But it’s like surround sound, really. I can see through the words, like X-ray vision. I can see George, there on the ground, hoping for a miracle, and the men, devising, excusing, pondering what the story will be when this man doesn’t come home. And I can bear to see the video because then I will actually be there and I can’t be there when George isn’t even there. I can’t be there when he doesn’t even exist to them.

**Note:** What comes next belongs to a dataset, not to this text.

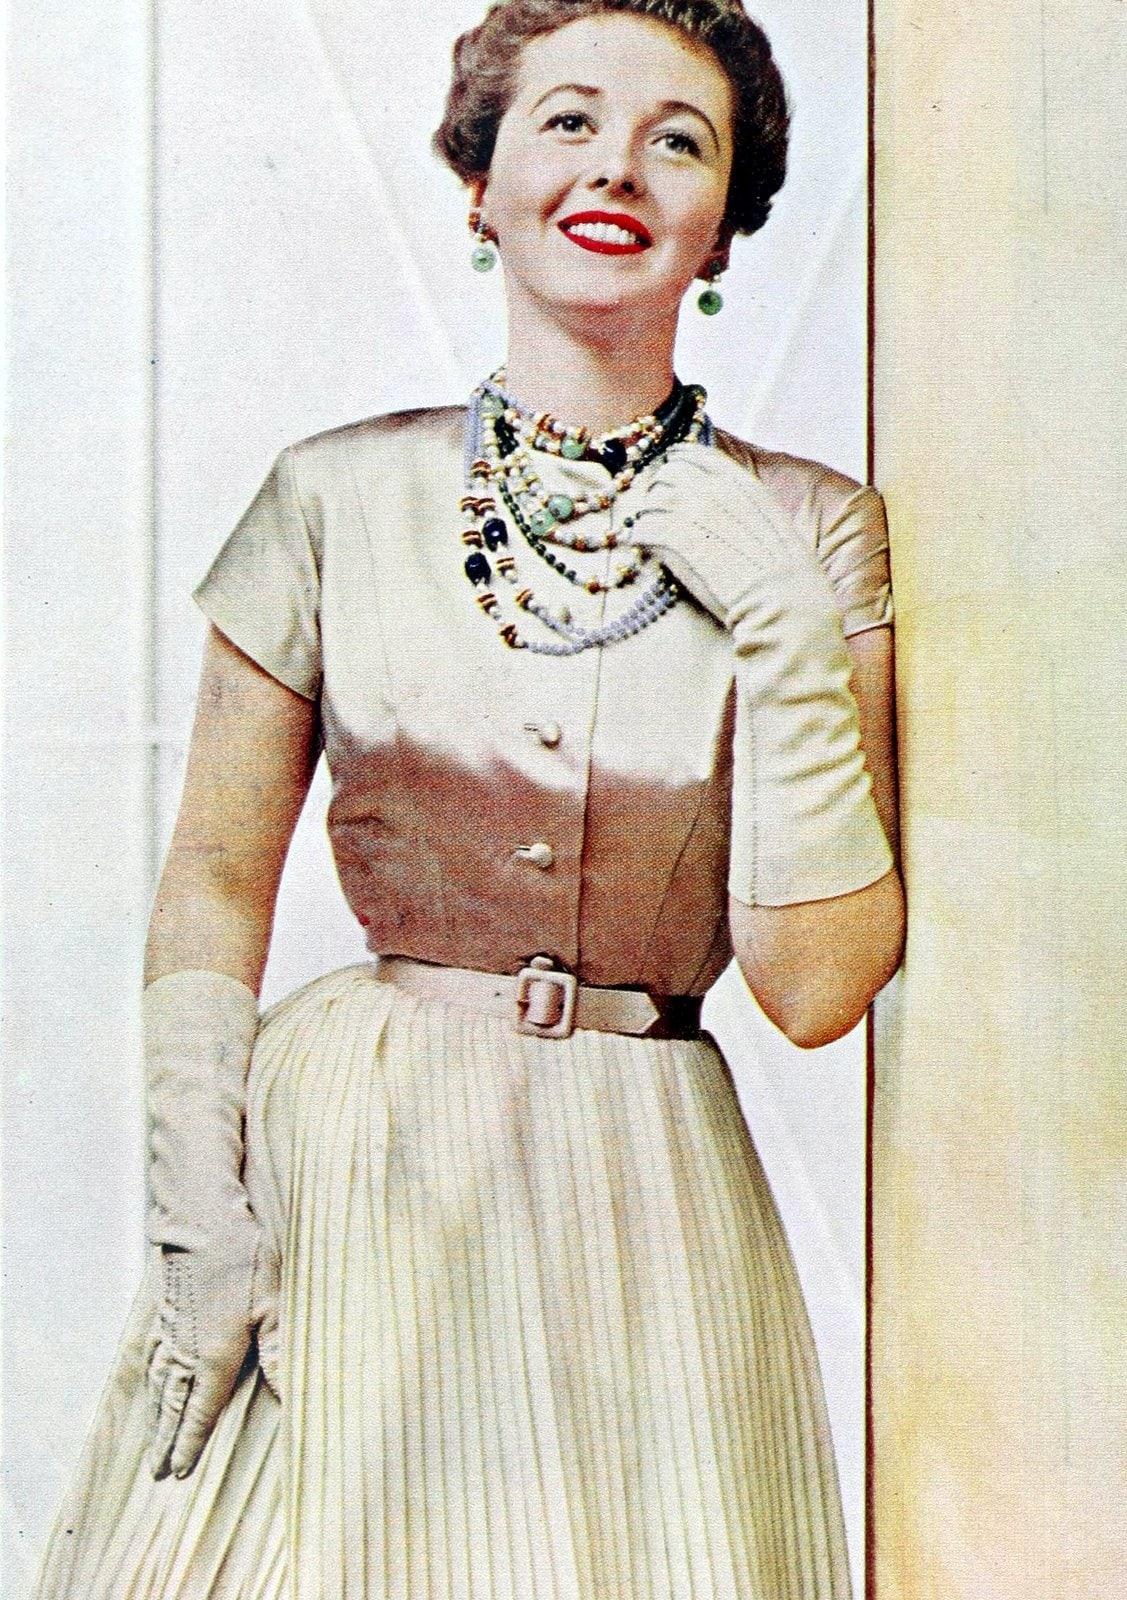 Vintage 50s women wearing gloves (9)

So many people have died since George, and yet, has anything happened? Breonna is another black woman becoming an inevitable, unchangeable joke. That is a story for another time though. That is a story that cannot fit a page like this comfortably. But now, I’m not sure what hope means. I’m not sure what to hope for because I’ve never seen true freedom and people just seem to get crueler. I read the wrong side of twitter two days ago and I haven’t been able to shake that polarization, that hate. How can I live, breathe, walk around, when people want me silent, unmoving, suffering, or dead? How can I exist when someone else wants me to just… stop for no reason other than their preference? The world is so cruel, and I don’t know if I’m strong enough to get past that. I don't know if I'm strong enough to know the world and be in it at the same time. I don't know if I'm strong enough to handle that cruel existence. I don’t know if any of us should even have to be. And isn’t that so unfair? Isn’t that just the worst thing? That we have to be stronger than anyone should and we still die? That we begin to have a panic attack and the police, perched on our throats, ponder how they’ll explain our deaths? That we exist and try and want to love and be loved but all we get is blue and red lights and men who wear hats that say “You are not human, you do not matter, make America white again”?